Rectangular coordinates

The equations $\sqrt{(x-e)^2+y^2}+\sqrt{(x+e)^2+y^2}=2a$ and $$\begin{equation}\label{eq:1} \left(\frac{x}{a}\right)^2+\left(\frac{y}{b}\right)^2=1 \end{equation}$$ are equivalent, they define the same ellipse in rectangular coordinates.

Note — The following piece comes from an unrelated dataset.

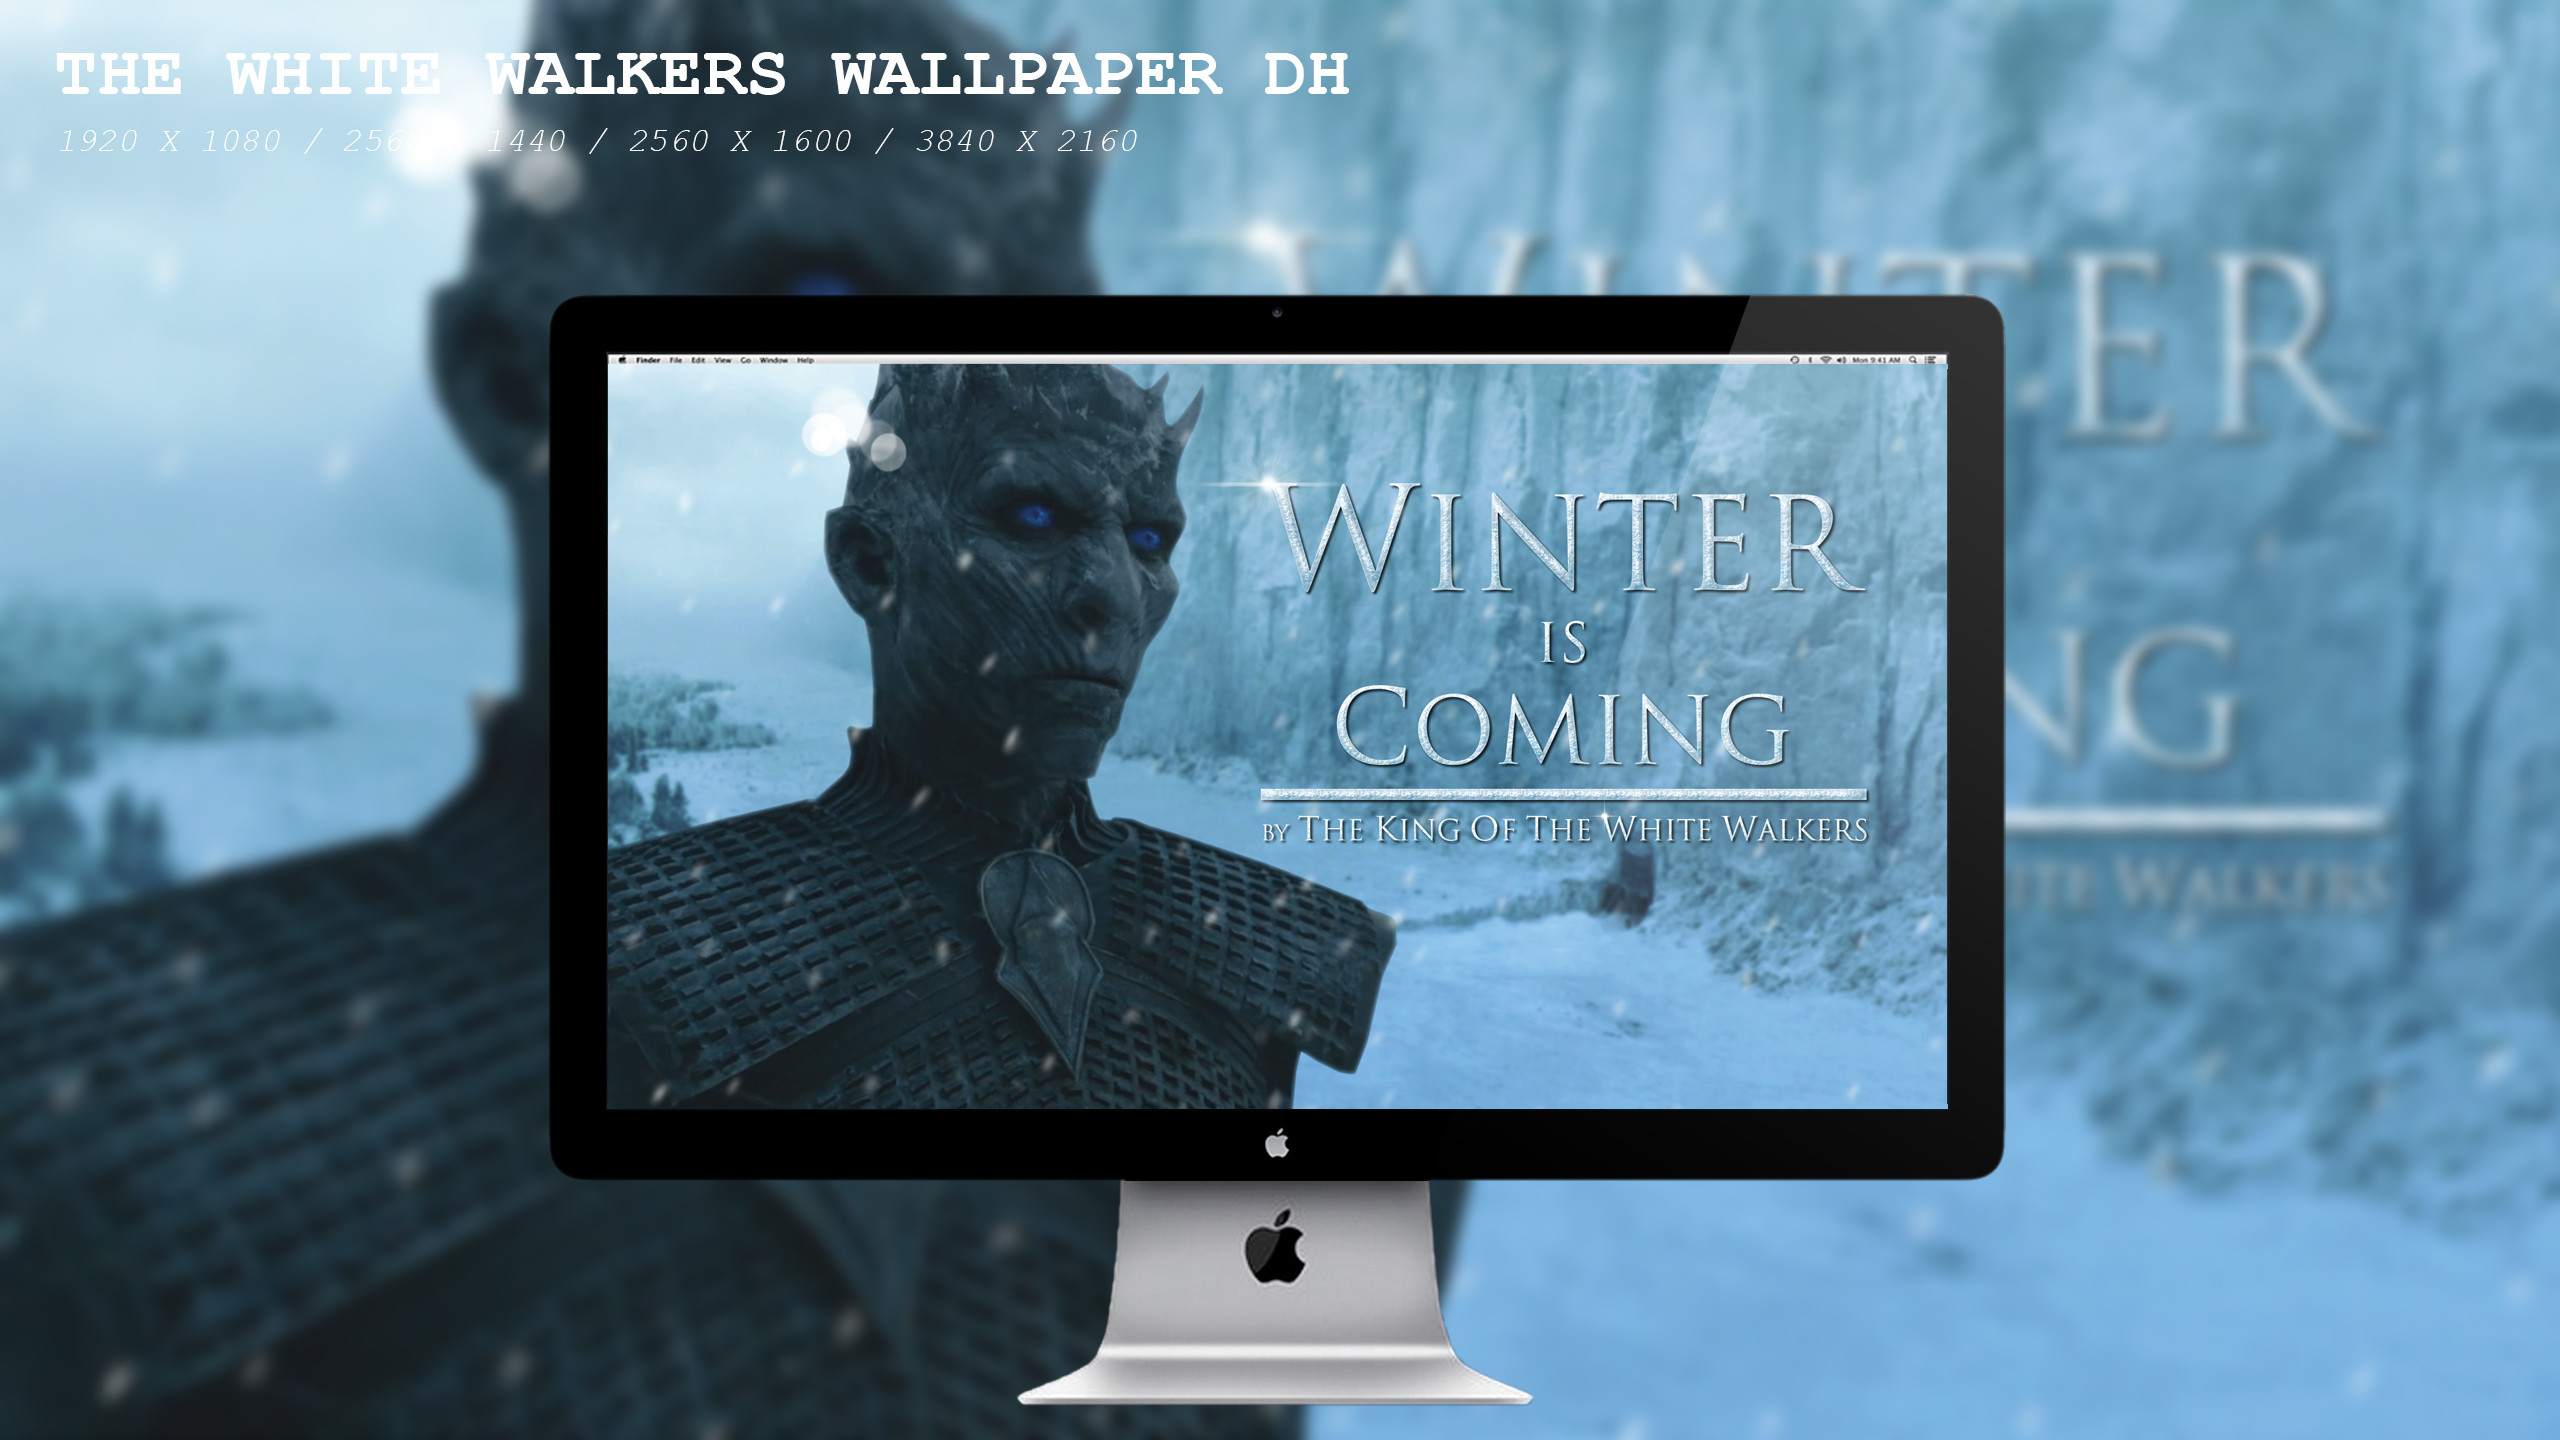 The White Walkers wallpaper DH by BeAware8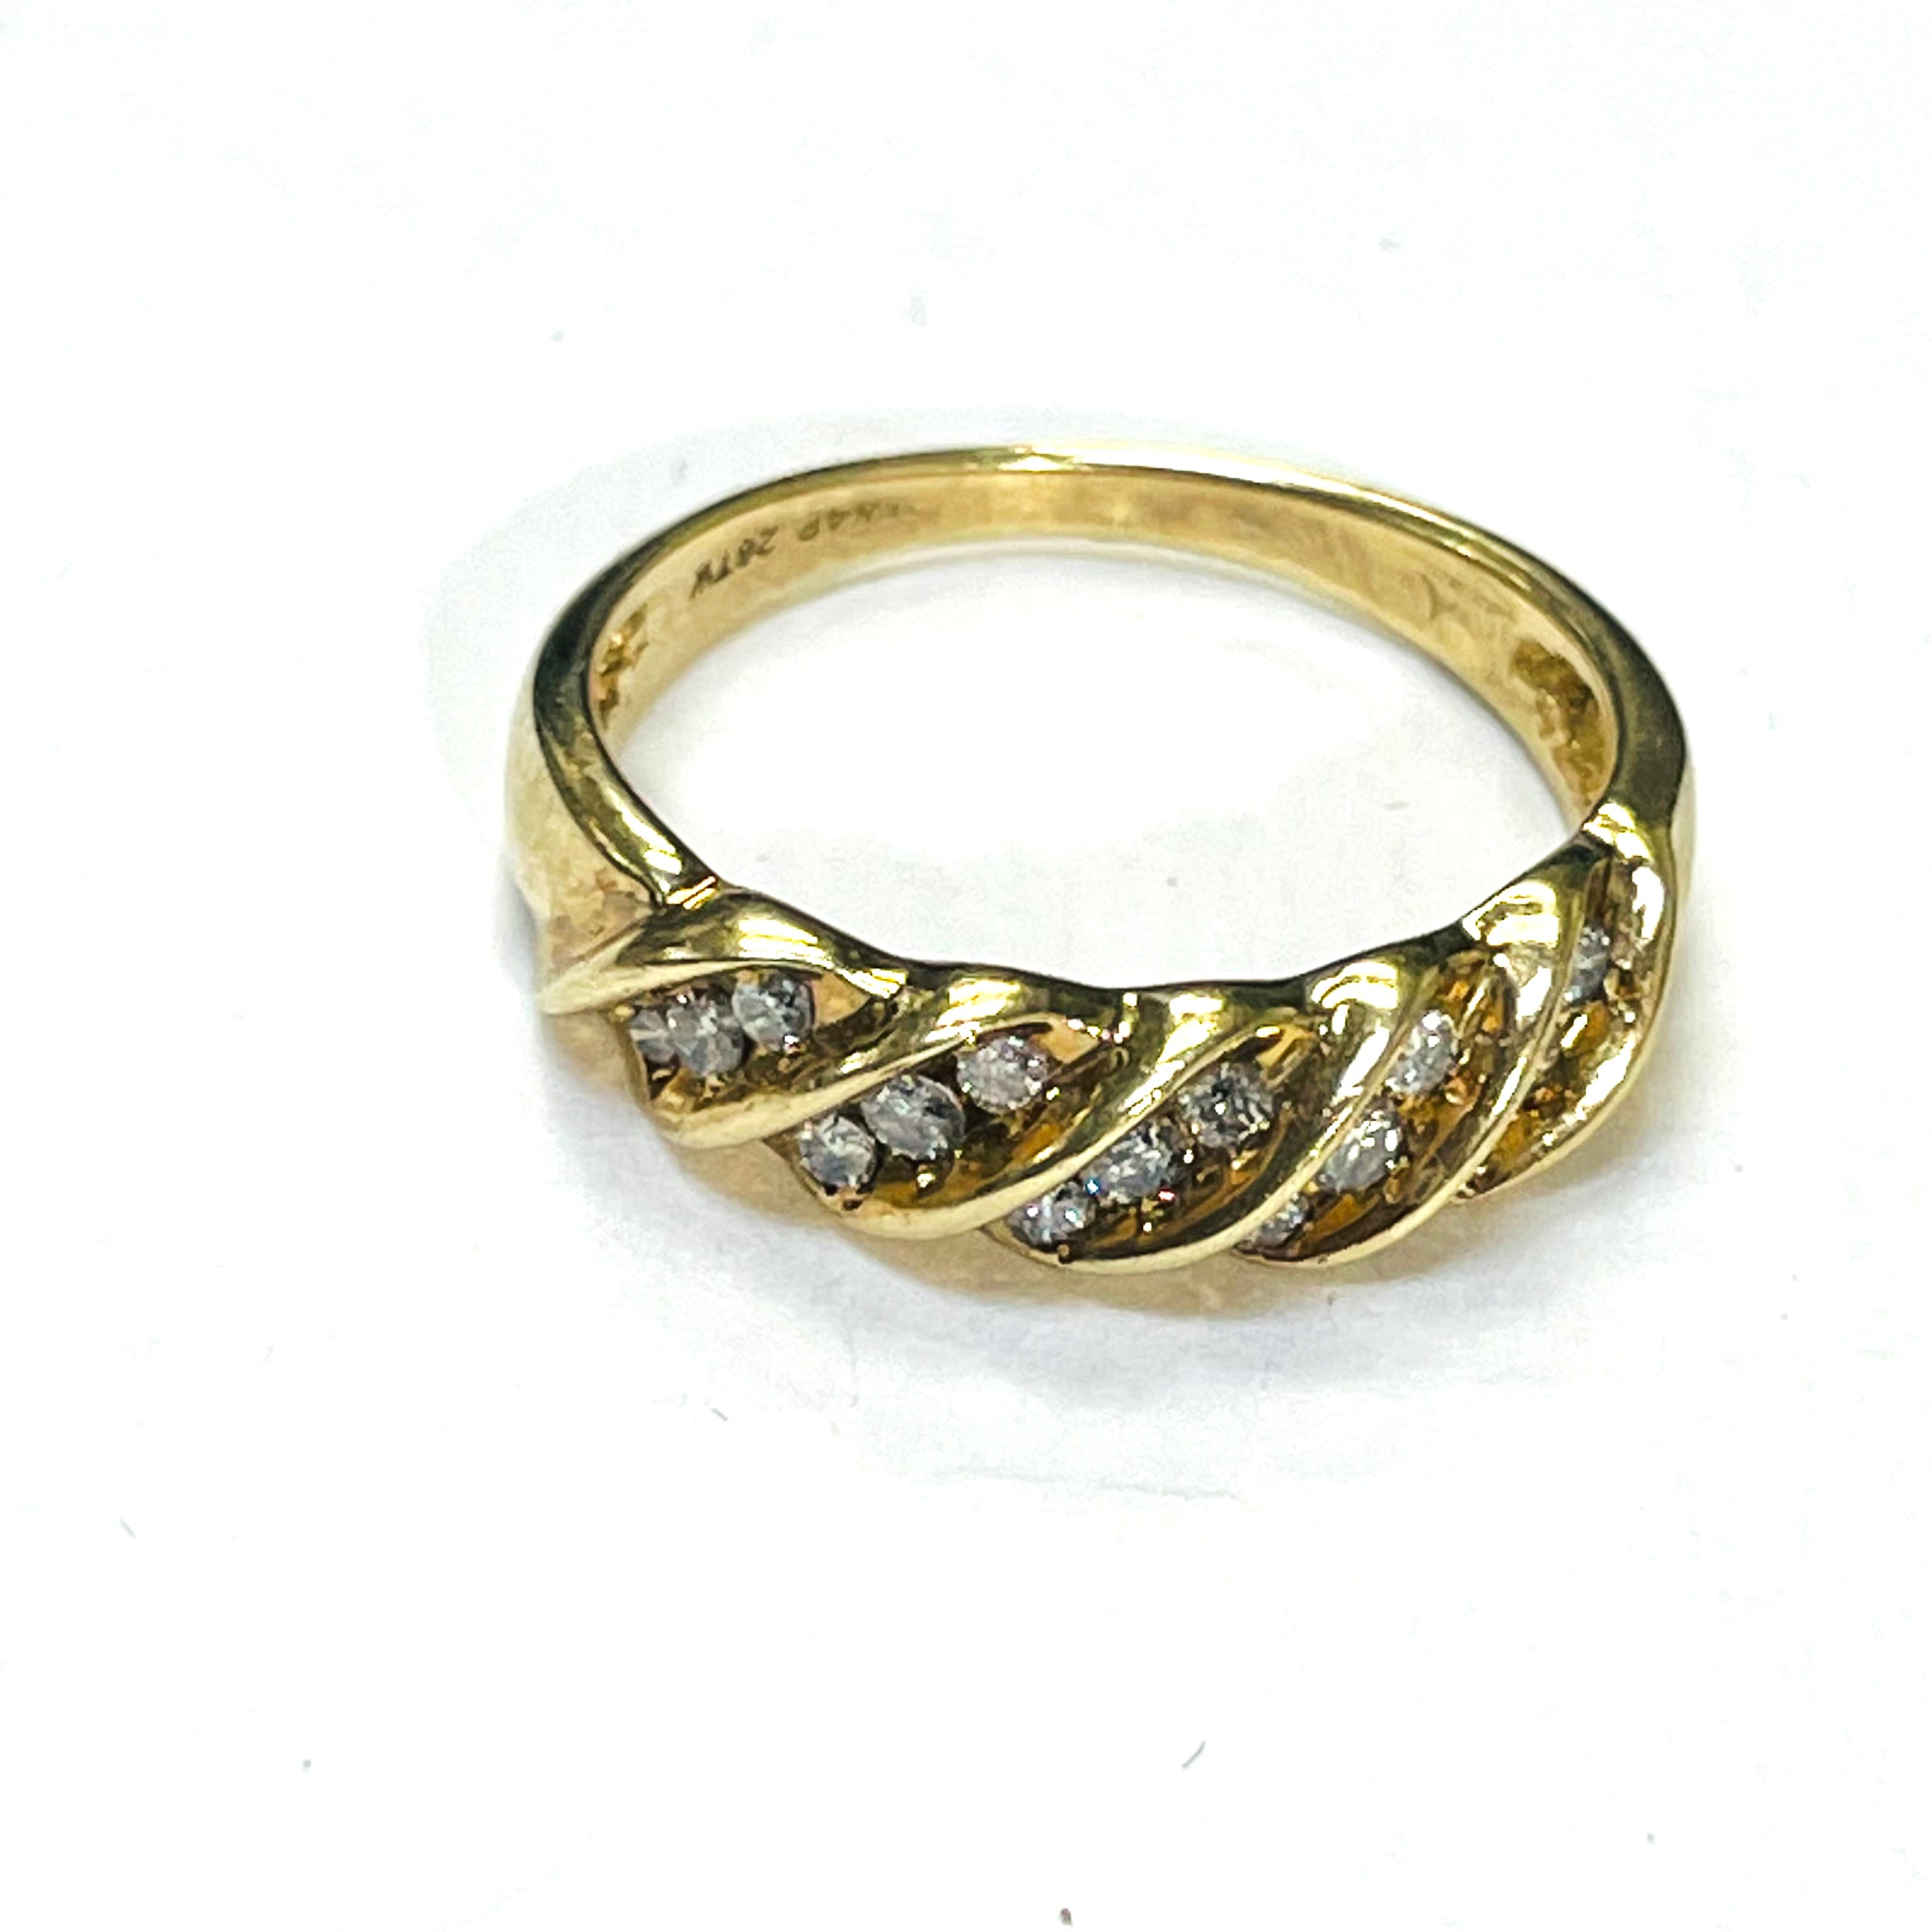 Solid 14k Yellow Gold Diamond Ring Size 7

• $e$ is the focal distance or linear eccentricity,
• $a$ is the semi-major axis,
• $b^2:=a^2-e^2$ is the semi-minor axis and
• $\varepsilon:=\frac{e}{a}=\sqrt{1-\frac{b^2}{a^2}}$ is the eccentricity.

Polar coordinates

Important angles to describe the ellipse include

• the eccentric anomaly $E$ and
• the true anomaly $\nu$.

Polar form with respect to the center

Employing polar coordinates $(r_c,\varphi_c)$ with respect to the center the points of the ellipsoid are $$\begin{equation}\label{eq:2} \begin{pmatrix}x\\y\end{pmatrix} =\begin{pmatrix}a \cos E\\b \sin E\end{pmatrix} =r_c\begin{pmatrix}\cos \varphi_c\\\sin \varphi_c\end{pmatrix}. \end{equation}$$ The relation $\tan \varphi_c=\frac{b}{a}\tan E$ derives from $\eqref{eq:2}$ and the polar form $$r_c(\varphi_c)=\frac{b}{\sqrt{1-\varepsilon^2 \cos^2\varphi_c}}$$ from $\eqref{eq:1}$.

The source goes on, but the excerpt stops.